On Monday, 30 July 2012 at 23:41:39 UTC, Andrej Mitrovic wrote:
> On 7/31/12, Era Scarecrow <rtcvb32 at yahoo.com> wrote:
>> And likely one I'll be working on fairly soon. I've been 
>> concentrating on the BitArray, but I'll get more of the 
>> bitfields very very soon.
>
> Cool. What about the Max limit of 64bits per bitfield 
> instantiation? I don't suppose this is common in C++ but I 
> wouldn't know..

  The limitation is based on what kind of types you can use. If 
you want a field 1000 bits long, i don't see why not; But 
obviously you can't treat it like an int or bool. (No cheap way 
to make a BigInt here :P), and packing say a struct, it would be 
slow since it has to copy each bit individually, or if it's byte 
aligned, by bytes.

  It assumes the largest type we can currently use which is ulong, 
if cent ever gets properly added, then 128bits will become 
available. If they want to go higher than likely type 'dime' or 
'nickel' or bicent (256bits? :P) can be used once the template is 
modified. Maybe tricent can be 384 and quadcent can be 512.... 
Mmmm :) or it could just be large256, ularge256.

  As for the 'why', is that all of the bitfields work by assuming 
bit-shifting and low level binary operators to do the job.
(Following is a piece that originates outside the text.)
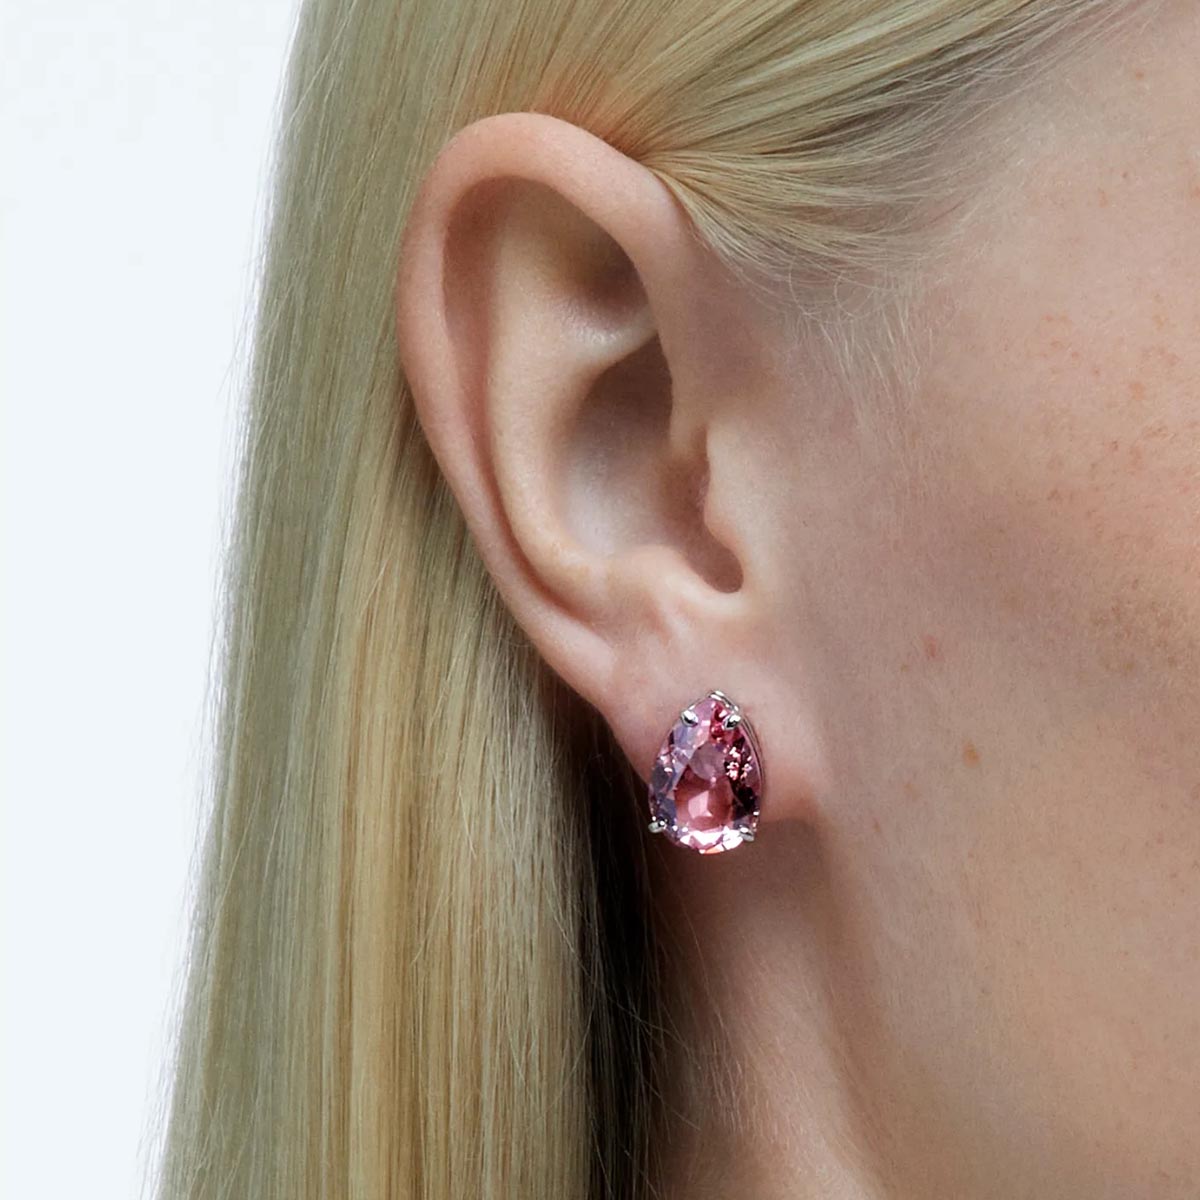 Details more than 220 garnet earrings swarovski latest

So, 2 
for 4 ints would be

int value;
int a() @property {
   return value & 0x7;
}
void a(int v) @property {
   value &= ~0x7;
   value |= v & 0x7;
}

int b() @property {
   return (value>>4) & 0x7;
}
void a(int v) @property {
   value &= ~(0x7 << 4);
   value |= (v & 0x7) << 4;
}

  That may be flawed but it gives you a basic idea.